In een deel van de gevallen groeit er bij een chronische middenoorontsteking huidweefsel in het middenoor. Deze huidcellen (cholesteatoom) horen niet thuis in het middenoor en kunnen het bot aantasten en zo schade veroorzaken. Wanneer er cholesteatoom aanwezig is, is de kans op ernstige complicaties groter, zoals:

  • Aantasting van de gehoorbeentjes, waardoor het gehoorverlies (van het geleidingstype) geleidelijk toeneemt.
  • Een hersenvliesontsteking door doorbraak vanuit het mastoïd naar het hersenvlies.
  • Een hersenabces door doorbraak door het hersenvlies naar de hersenen.
  • Een verlamming van de aangezichtszenuw.
  • Duizeligheid door aantasting van het evenwichtsorgaan.
  • Ernstige binnenoorgehoorverlies en zelfs doofheid door aantasting van het slakkenhuis.         

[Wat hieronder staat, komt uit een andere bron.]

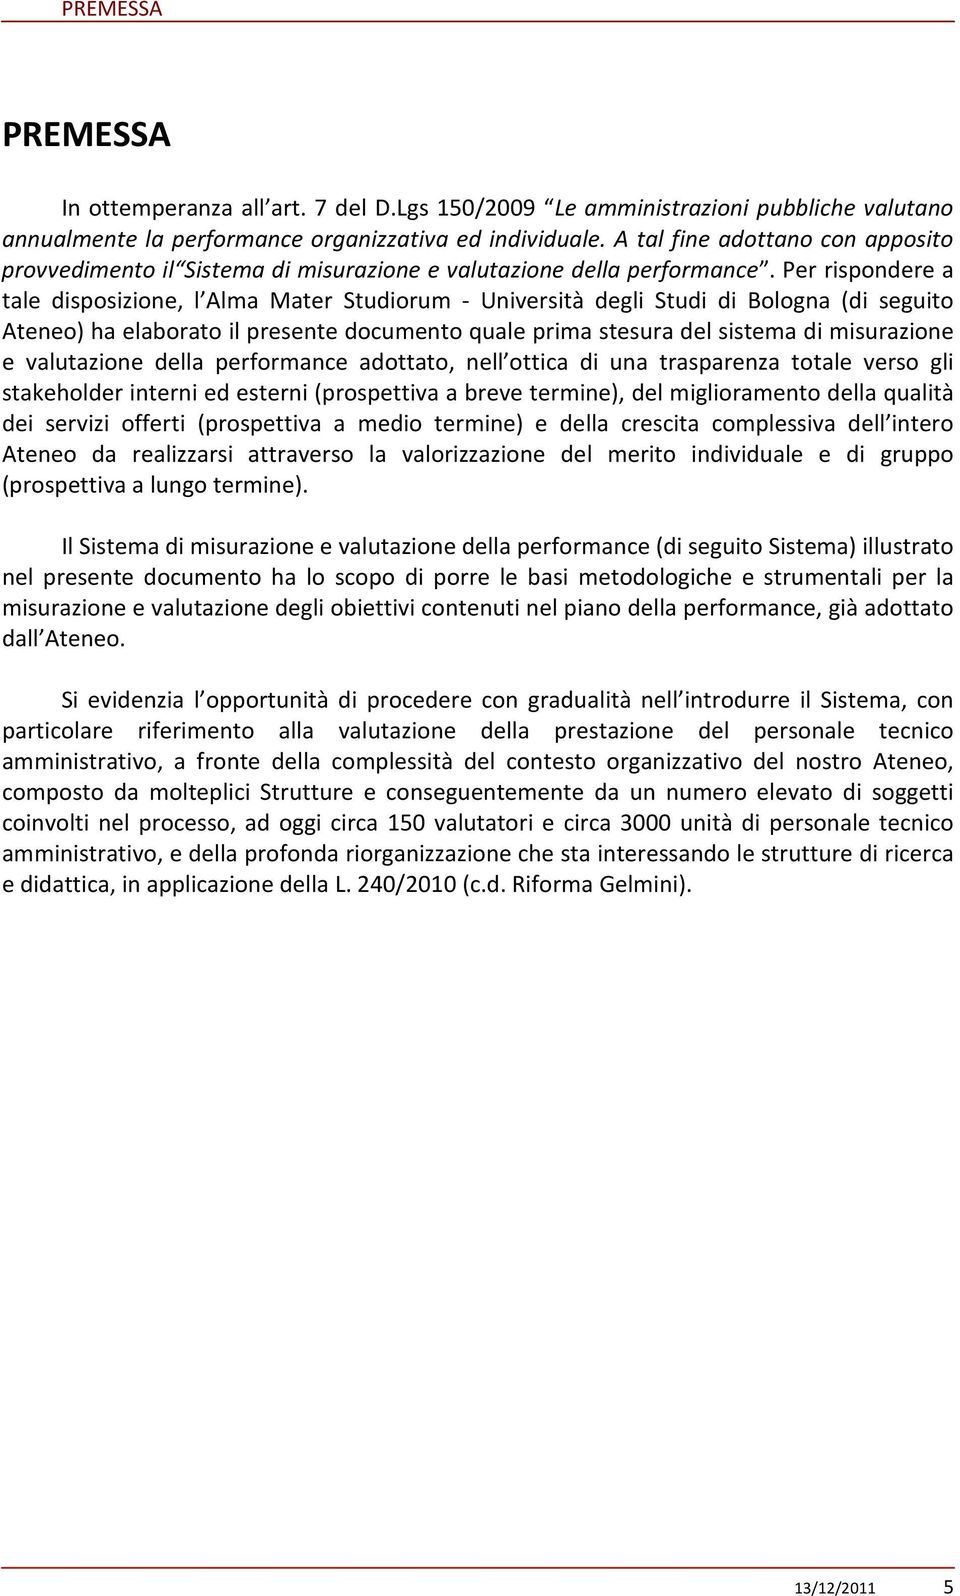 Per rispondere a tale disposizione, l Alma Mater Studiorum - Università degli Studi di Bologna (di seguito Ateneo) ha elaborato il presente documento quale prima stesura del sistema di misurazione e

Een chronische middenoorontsteking kan met een antibioticumkuur (oordruppels en/of tabletten) vaak wel iets rustiger worden, maar genezing wordt zelden bereikt. Hiervoor is een operatie nodig. Deze operatie wordt een schoonmakende (sanerende) ooroperatie genoemd: het zieke slijmvlies en, indien aanwezig, het cholesteatoom worden verwijderd en het gat in het trommelvlies wordt zo mogelijk gesloten. 

Operatietechniek
De operatie wordt verricht via de gehoorgang, via een snee achter de oorschelp of via een combinatie van beide toegangswegen. Bij een schoonmakende ooroperatie kan het nodig zijn een deel van de gehoorbeenketen te verwijderen. Dit zal met name bij cholesteatoom het geval zijn. Op die manier ontstaat er voldoende ruimte om de ontsteking te kunnen opruimen en wordt de kans op beschadiging van het slakkenhuis kleiner.  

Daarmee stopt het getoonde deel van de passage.